At a quality control checkpoint on a manufacturing assembly line, 8% of the items failed check A, 10% failed check B, and 2% failed both checks A and B.

a. If a product failed check A, what is the probability that it also failed check B? b. If a product failed check B, what is the probability that it also failed check A?
c. What is the probability that a product failed either check A or check B?
d. What is the probability that a product failed neither check A nor check B?

I am not good with probability and the percentages are really throwing me off. Any help would be great.

a)1/4 (25%) of those that failed A also failed B. That leaves you with 1/4 or 8% or 2% failing both.

b) Similarly, 1/5 (20%) of those that failed B also failed A.
c) Add the fractions that failed A only, B only, and both. I get 8% + 6% + 2% = 16%
That fraction failed A only, B only or both.
d) 84%

To solve this problem, we can use the concept of conditional probability along with the addition and subtraction rules of probability.

Let's define some variables:
A = event of failing check A
B = event of failing check B

a. If a product failed check A, what is the probability that it also failed check B?

We need to find P(B | A), which is read as "the probability of B given A."

Using the definition of conditional probability:
P(B | A) = P(A and B) / P(A)

We are given that 2% failed both checks A and B, so P(A and B) = 0.02.
Also, 8% failed check A, so P(A) = 0.08.

Substituting the values:
P(B | A) = 0.02 / 0.08 = 0.25

Therefore, the probability that a product failed check B given that it failed check A is 0.25.

b.

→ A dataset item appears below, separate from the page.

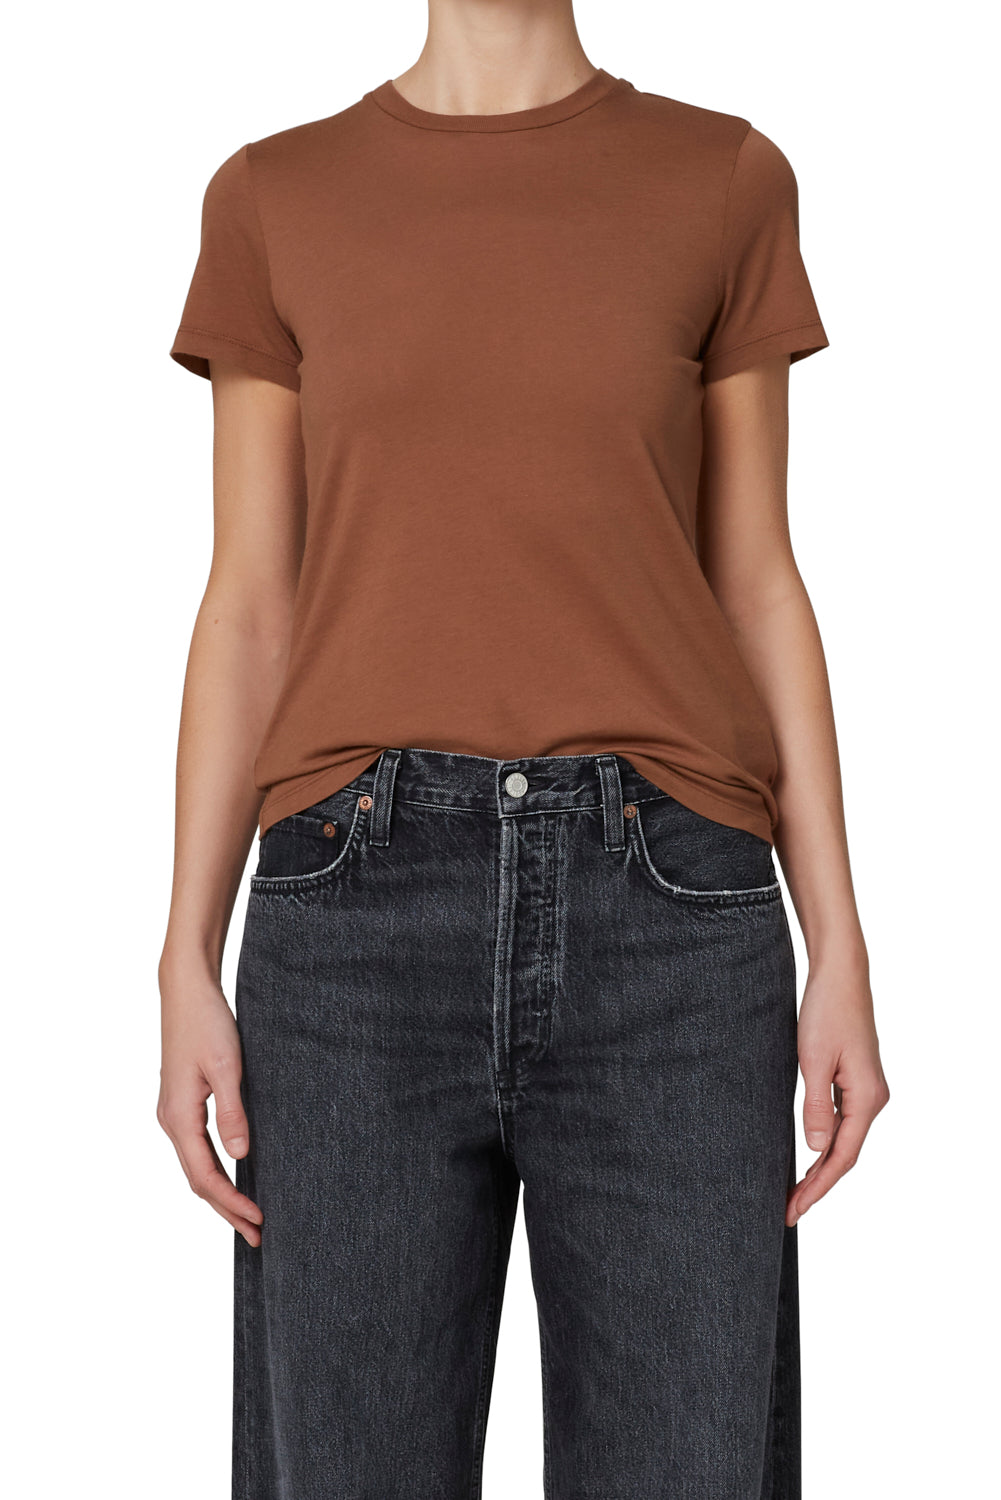 AGOLDE - Annise Slim Tee in Beeswax

If a product failed check B, what is the probability that it also failed check A?

Similarly, we need to find P(A | B), which is read as "the probability of A given B."

Using the same formula as in part (a):
P(A | B) = P(A and B) / P(B)

We already know that P(A and B) = 0.02, and given that 10% failed check B, P(B) = 0.10.

Substituting the values:
P(A | B) = 0.02 / 0.10 = 0.20

Therefore, the probability that a product failed check A given that it failed check B is 0.20.

c. What is the probability that a product failed either check A or check B?

To find this probability, we need to use the addition rule of probability.

P(A or B) = P(A) + P(B) - P(A and B)

Given that 8% failed check A (P(A) = 0.08), 10% failed check B (P(B) = 0.10), and 2% failed both checks A and B (P(A and B) = 0.02), we can substitute the values into the formula:

P(A or B) = 0.08 + 0.10 - 0.02 = 0.16

Therefore, the probability that a product failed either check A or check B is 0.16.

d. What is the probability that a product failed neither check A nor check B?

To find this probability, we subtract the probability of failing either check A or check B from 1 (since that covers all possible outcomes).

P(neither A nor B) = 1 - P(A or B)

Given that P(A or B) = 0.16 (from part c), we can substitute the value into the formula:

P(neither A nor B) = 1 - 0.16 = 0.84

Therefore, the probability that a product failed neither check A nor check B is 0.84.

I hope this explanation helps you understand how to approach and solve probability problems like this!